Carl Oglivy
- Birth name: Charles Ogilvy
- Date of birth: 13 June 1889
- Place of birth: Edinburgh, Scotland
- Date of death: c.1936 (aged 46–47)

Rugby union career
- Position(s): Full Back

Amateur team(s)
- Years: Team / Apps / (Points)
- 1911-12: Hawick /  / ()
- 1912-: Kelso /  / ()

Provincial / State sides
- Years: Team / Apps / (Points)
- 1910: South of Scotland /  / ()
- 1911: Blues Trial /  / ()

International career
- Years: Team / Apps / (Points)
- 1911-12: Scotland / 3 / (0)

= Carl Ogilvy =

Scotland international rugby union player

Carl Ogilvy (13 June 1889 – c. 1936) was a Scotland international rugby union player. He played as a Full Back.

==Rugby Union career==

===Amateur career===

He played for Hawick in 1911–12; and then moved to play for Kelso.

During this time at Kelso, he captained the side for two seasons from 1912 to 1914. He captained the Kelso sevens side that won the Jed-Forest Sevens.

===Provincial career===

Ogilvy played for the South of Scotland in 1910.

He played for the Blues Trial side against the Whites Trial side on 21 January 1911 while still with Hawick.

===International career===

He was capped 3 times for Scotland from 1911 to 1912.

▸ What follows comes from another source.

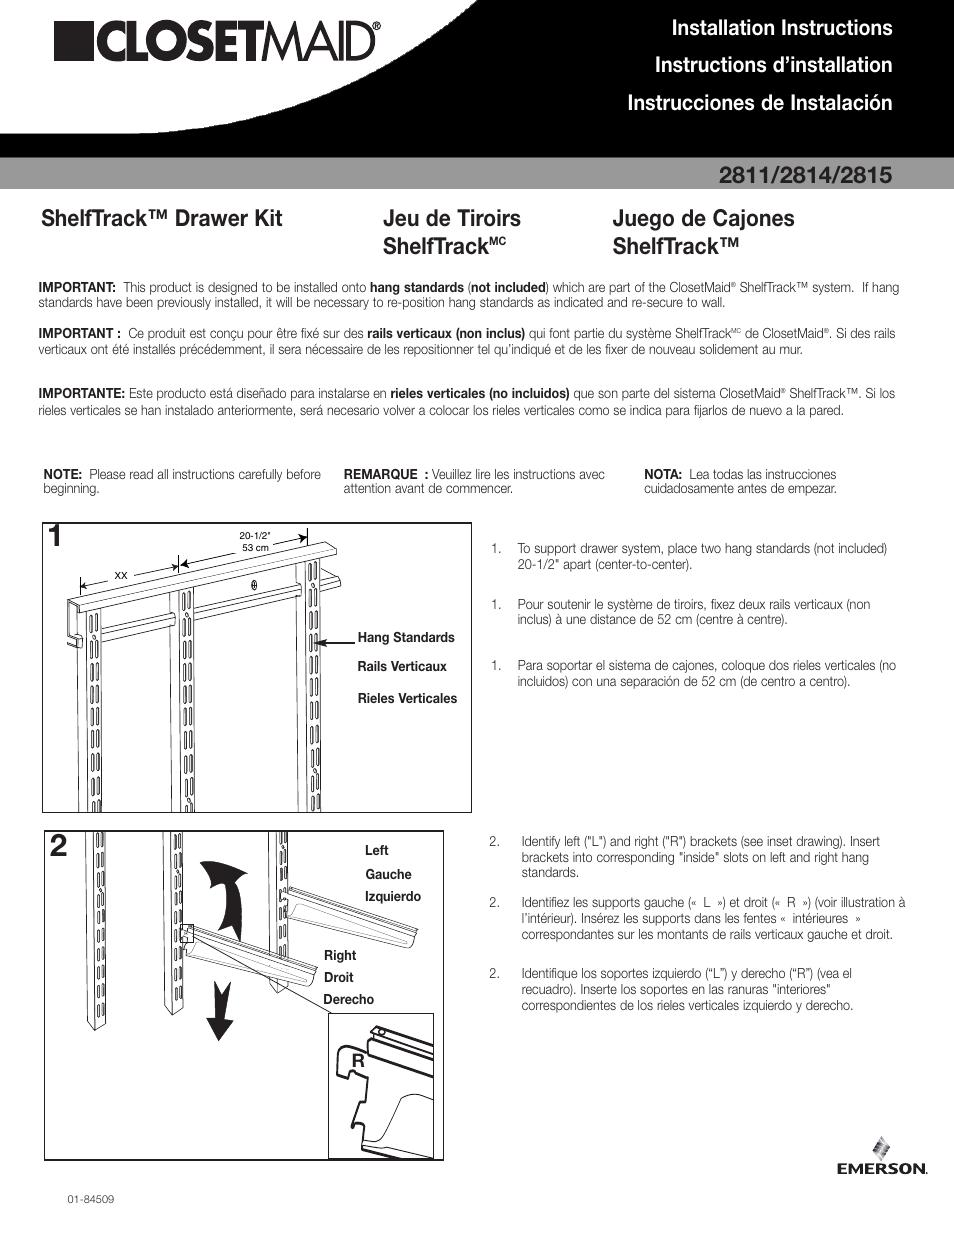 Closet Maid ShelfTrack Drawer Kit 2811 User Manual | 2 Pages | Also For:  ShelfTrack Drawer Kit 2815, ShelfTrack Drawer Kit 2814

From The Scottish Referee of 26 February 1912:

We have every reason to expect that Ogilvy will be retained as Scotland's back in the game with England three weeks hence. Although perhaps not quite so brilliant. as when he played at Twickenham last season, Ogilvy nevertheless gave a good display against Ireland, and while his kicking was not all that could have been desired, his following up and tackling could not have been improved upon. Possessed of good pace. Ogilvy must always prove a sound investment for the full back position so long as he keeps well.

==Business career==

His father Charles Ogilvy from Kirriemuir took over the business Lugton and Porteous, a drapery, tailor and dressmaking business. Charles Ogilvy died in October 1913 and Carl then had to suspend his playing career in December 1913 to take over the business.

==Family==

Carl Ogilvy's son Eric Ogilvy also played for Kelso. The newspaper states Carl Ogilvy to be deceased prior to 20 December 1939. Carl was still alive at 17 February 1936, his absence remarked at an SRU function as unable to be present.